Mr. Butler, age 59, has been employed by the Company since 1975. He became a corporate Vice President in 1983, Group President of ADP Dealer Services in 1989 and Group President of ADP Employer Services in 1995. He has served as President and Chief Operating Officer since 1998. He has served as a director of the Company since 1996. He is also a director of Liberty Mutual Group and CIT Group, Inc.
On September 14, 1998, Mr. Butler entered into an agreement with the Company. Mr. Butlers agreement provides that if his employment is terminated following a change in control (as defined below) of the Company, he will receive a termination payment equal to a percentage, ranging from 200% if such termination occurs within two years of such change in control to 100% if it occurs after the third year, of his annual base salary and his average annual bonus for the prior two years.
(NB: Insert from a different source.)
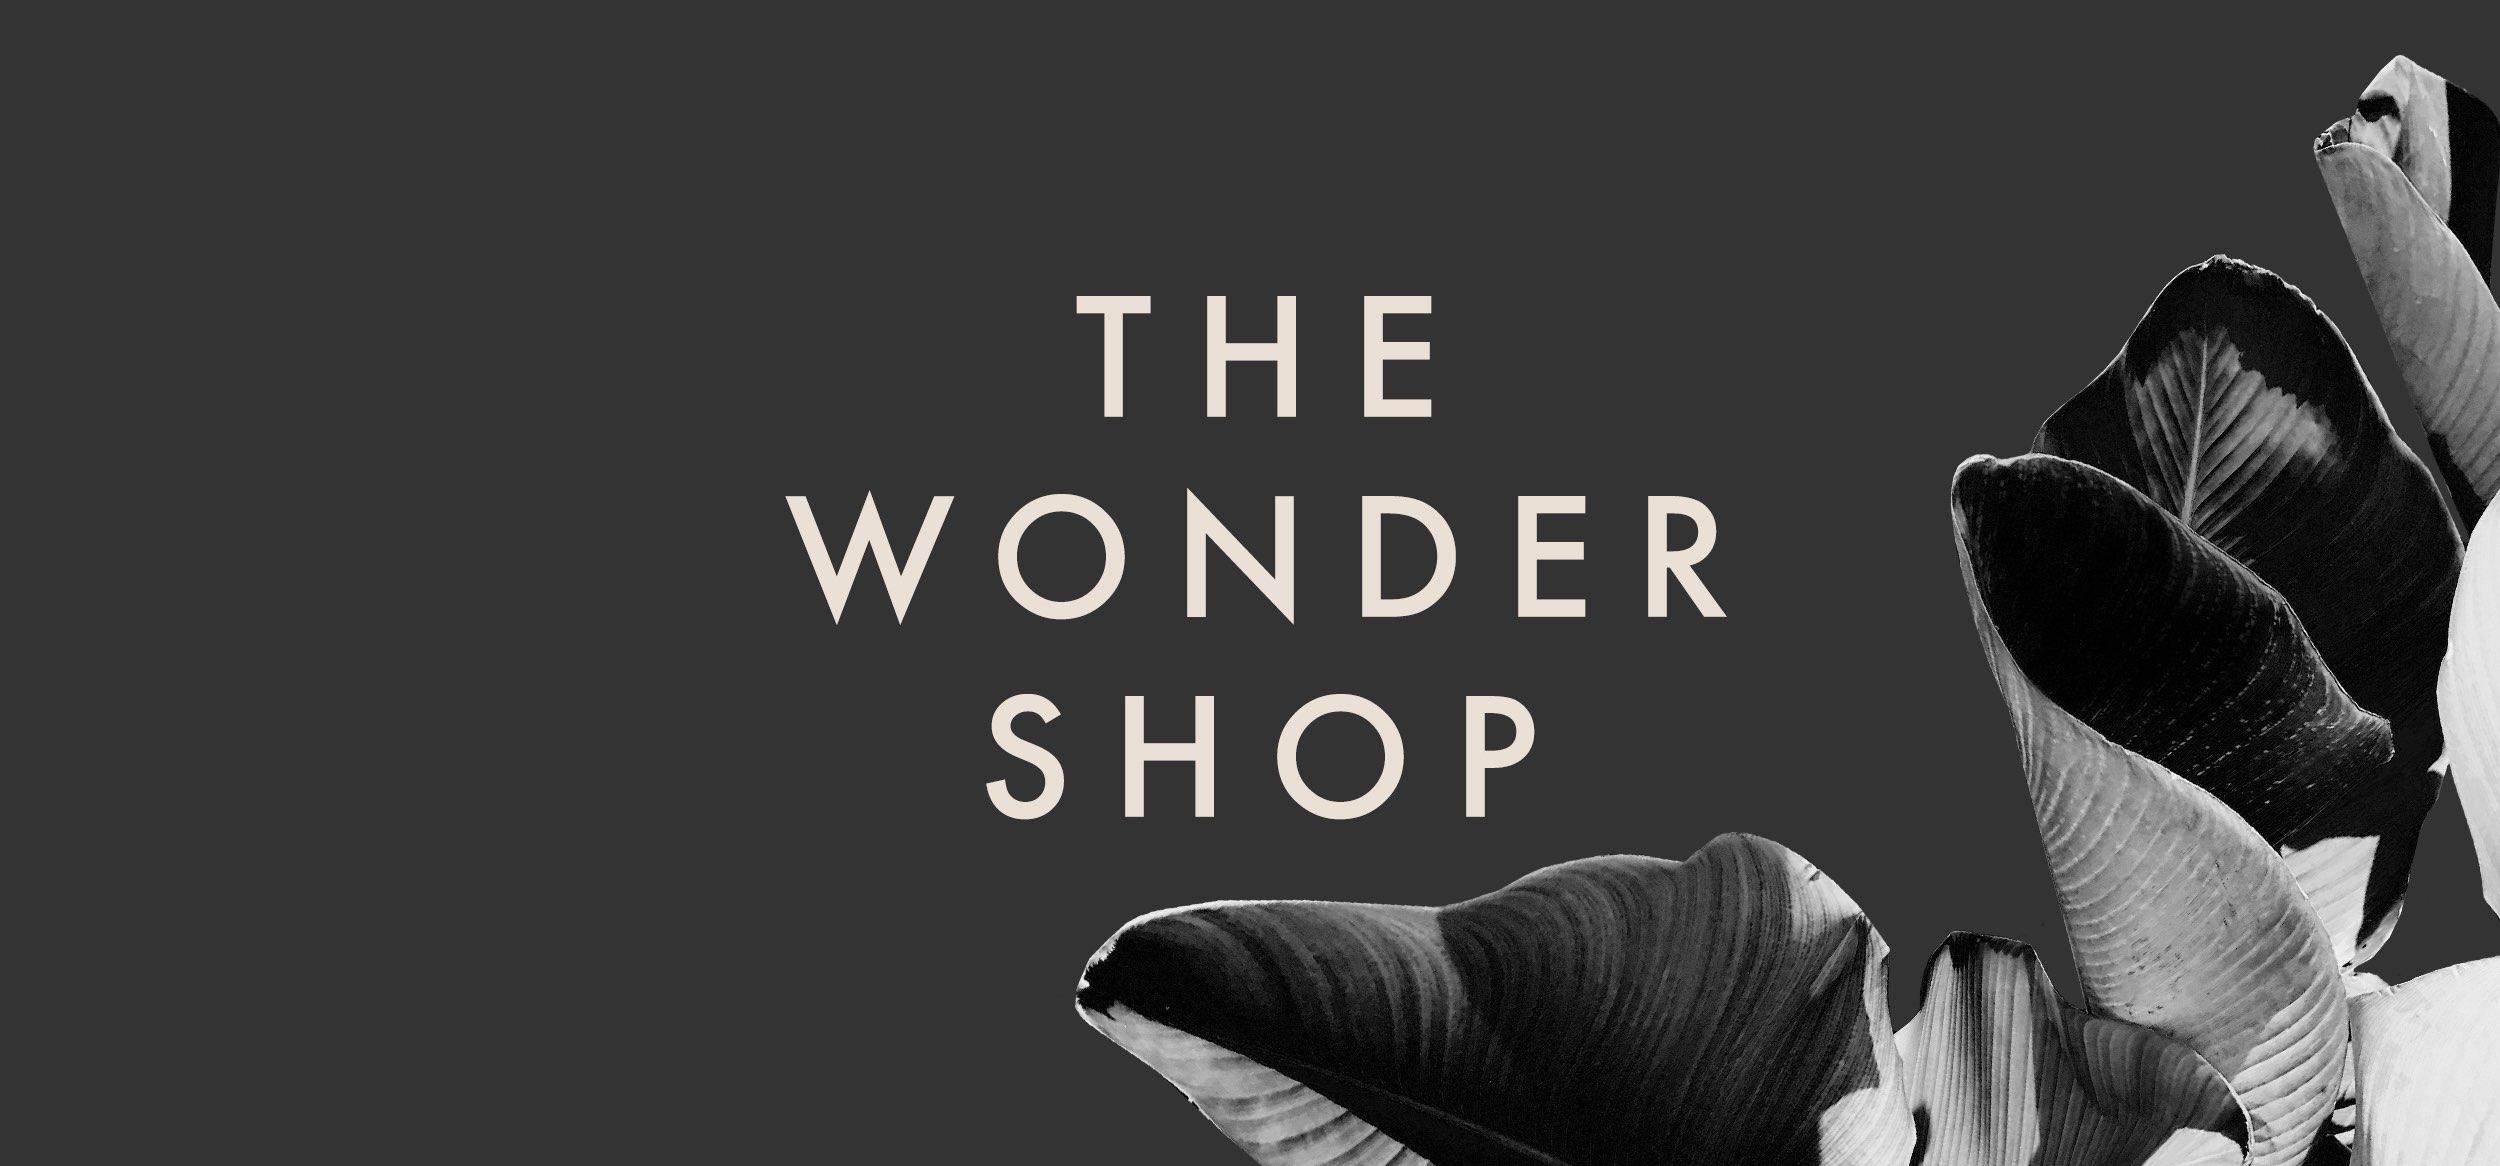 The Wonder Shop

In addition, all of his stock options will become fully vested and all of his restricted stock having restrictions lapsing within three years after such termination shall have such restrictions automatically removed.
Mr. Butlers agreement also provides that in the event any payment from the Company to him results in the imposition of an excise tax under section 4999 of the Internal Revenue Code, he will receive an additional payment such that after the payment of all such excise taxes and any taxes on the additional payments he will be in the same after-tax position as if no excise tax had been imposed.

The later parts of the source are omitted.